Beating the Draft

During the Civil War, after the initial waves of patriotism passed, a bleaker reality set in and voluntary enlistments were insufficient to feed the war. On April 16, 1862, the Confederate Congress passed an act requiring military service for three years from all males aged 18 to 35. The Union passed the Militia Act of 1862, authorizing a militia draft within each state; in 1863, the Enrollment Act went into federal law, to enroll and draft men aged 20 to 45.

But both sides permitted men to hire substitutes to serve in their place. In fact, of the 168,649 men procured for the Union army through the draft, 117,986 were substitutes. And until mid-1864, men of the north didn’t even have to find a substitute; they could avoid service by simply paying $300 “commutation money” directly to the federal government.

When riots broke out in New York City, on the second day of the draft, most of the rioters were working-class. They resented a system where wealthier men could pay $300 – equivalent to $5,746 in 2015 – and side-step the draft. (The rioters also feared that freed slaves would compete with them for jobs, and thus the draft riot quickly became a race riot, with black New Yorkers beaten, lynched and set alight. The mobs even attacked the Colored Orphan Asylum and burnt it to the ground, but not before the police saved the 233 children inside.)

One among the New Yorkers who “opted out” of military service was Grover Cleveland, a future President of the United States, who paid George Beniski, a 32-year-old Polish immigrant, to serve in his place.

In Skaneateles, the most ardent and vocal supporter of the Union cause, George Barrow, held fast to his civilian status and when, representing Skaneateles on the steps of the Onondaga County Courthouse, he drew his own name in the draft lottery, he found someone else to carry his water. But George Barrow was not the only patriot devoted to the cause of self-preservation.

In Syracuse, a “Volunteer Committee” gathered funds and offered enlistees “liberal bounties” so the ranks might be filled with volunteers before the draft became necessary. The committee’s public statements were masterworks of rationalization:

“While we are now again called upon to put our shoulder to the wheel, to fill up the ranks of the army and save the city and county from the impending draft, let it be done in a spirit of patriotism… While we bring out our flags, with inspiring music, let those who have the means to do it give to those who are willing to go such assurances for the maintenance of their families as will enable them to go forth with a stout heart for the conflict.” (Syracuse Courier and Union, December 17, 1862)

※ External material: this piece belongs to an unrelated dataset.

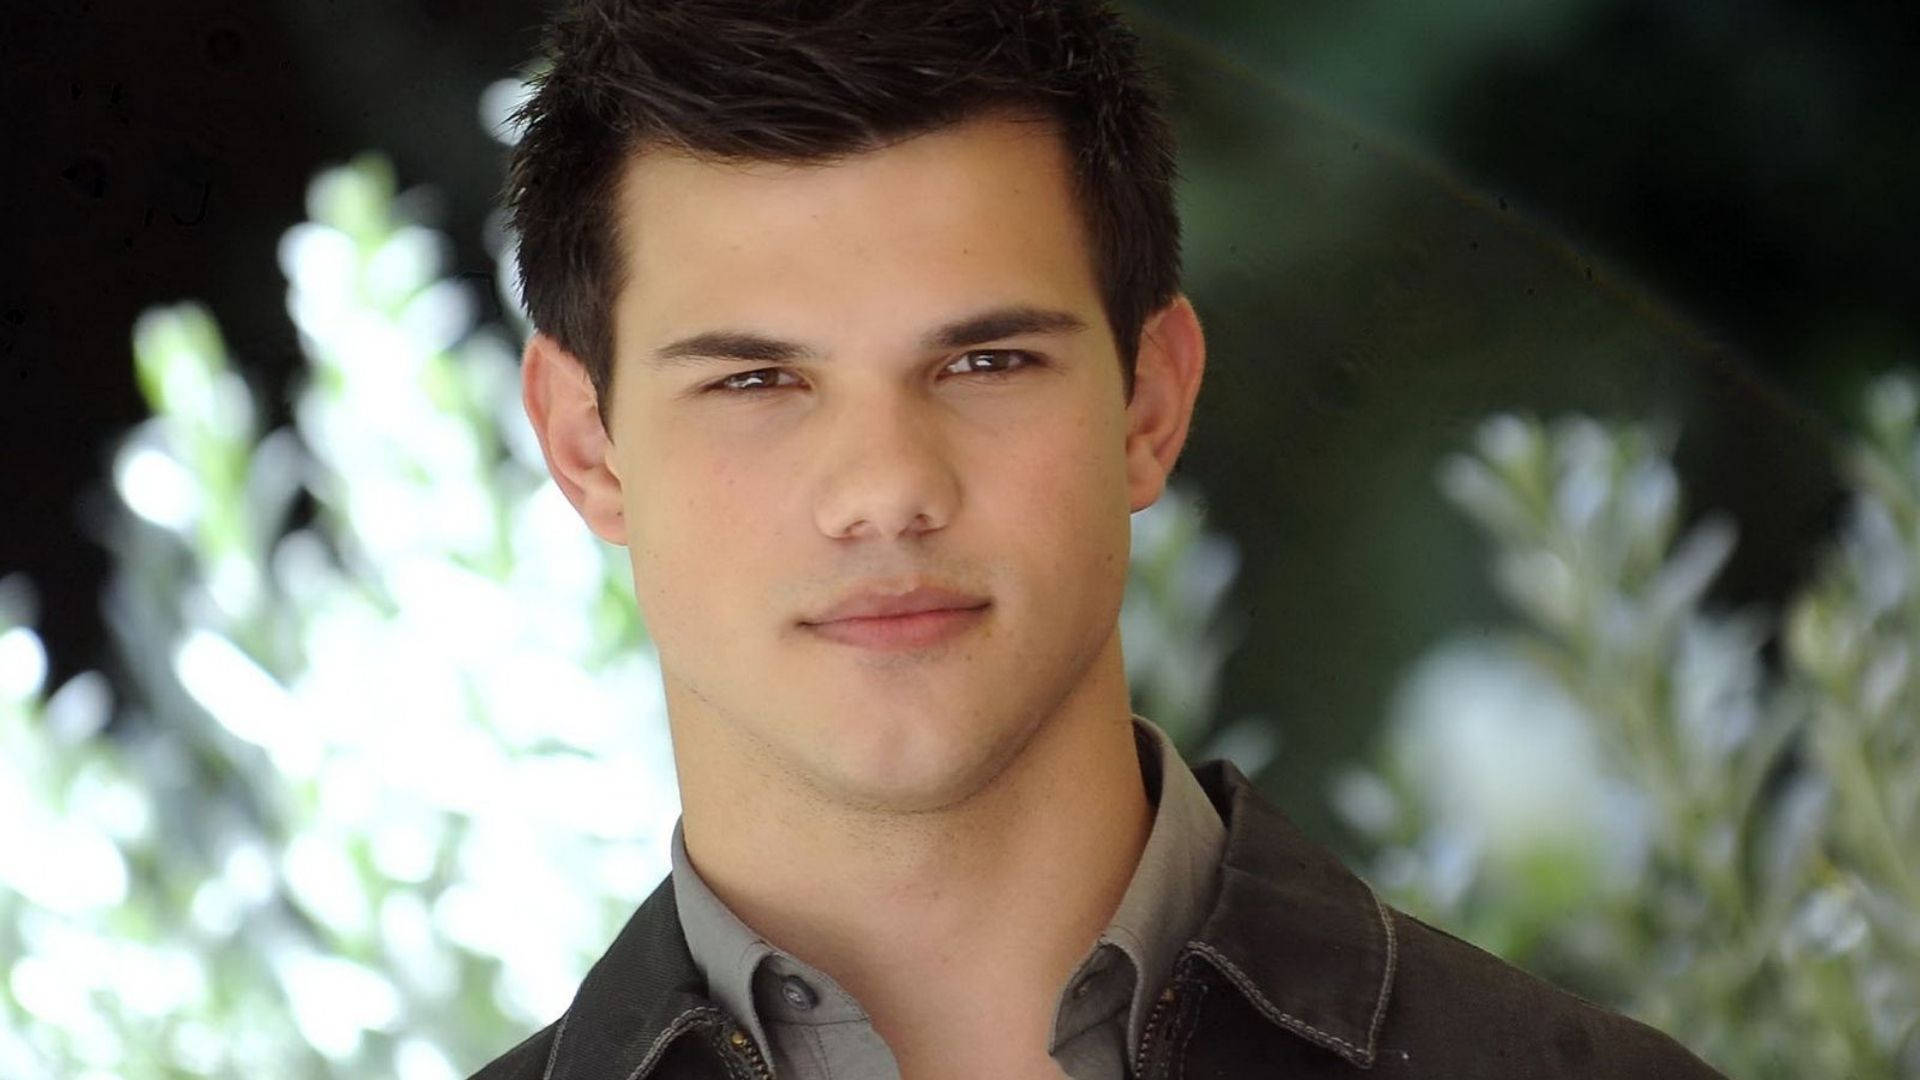 Hübscherschauspieler Taylor Lautner Wallpaper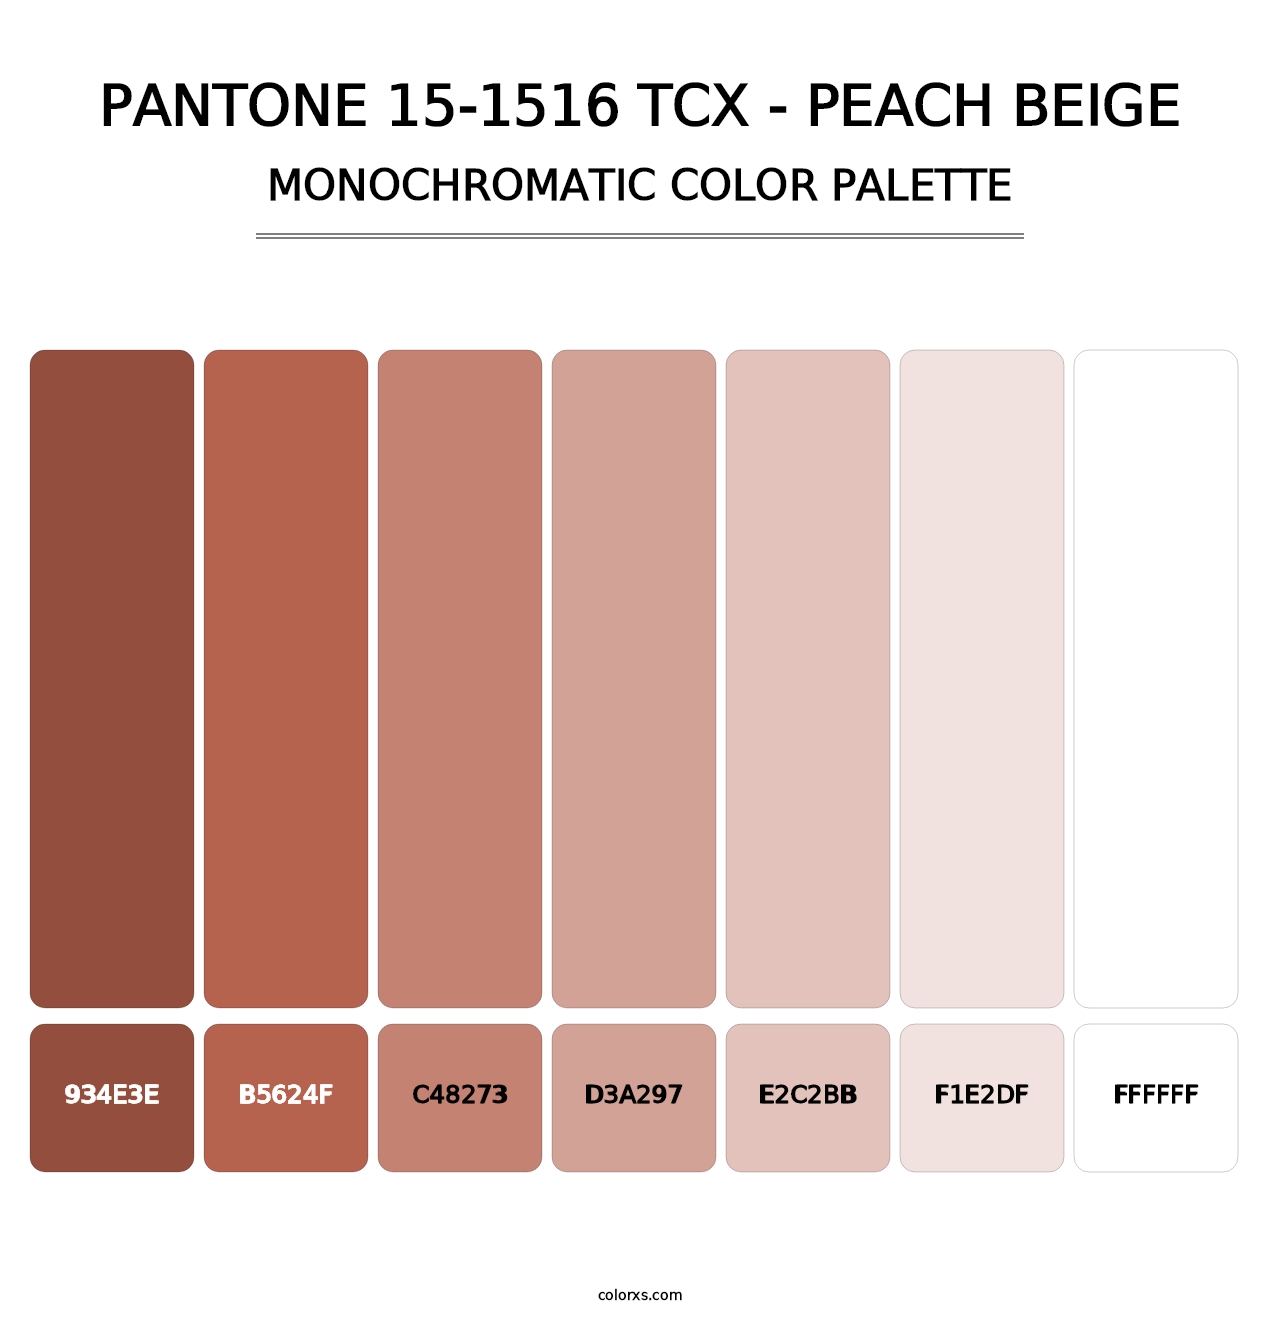 PANTONE 15-1516 TCX - Peach Beige - Monochromatic Color Palette

After three more years of war, even the flags and music were dispensed with. In the issue of the Skaneateles Democrat (February 2, 1865) which carried an account of the funeral of village hero Lt. Benjamin Porter – “our honored comrade” – there was this report:

“A meeting was held at Lyceum Hall on Wednesday evening of last week to take into consideration measures for clearing the town of Skaneateles from the impending draft. The meeting was organized by appointing Jacob C. DeWitt, Chairman, and Henry T. Webb, Secretary. The Chairman staged the object of the meeting, and said that he could make arrangements with responsible parties to furnish substitutes at the rate of $200 per man. Committees were then appointed for each School District to solicit subscription, and the meeting adjourned to Friday evening.”

On Friday evening:

“The report of the Committees were then heard, when it was found that $3,000 had been subscribed. Mr. DeWitt was requested to confer with the party furnishing substitutes. The meeting then adjourned to Tuesday evening of this week.”

And on Tuesday evening:

“The Committees’ reports were received, when it was found that the total amount subscribed was $4,300… It is earnestly requested that the meeting shall be fully attended, as there are but one or two days remaining in which the work can be done.”

This wasn’t the student rabble chanting “Hell no, we won’t go.” It was the village’s leading citizens, working openly, without a hint of embarrassment, to beat the draft.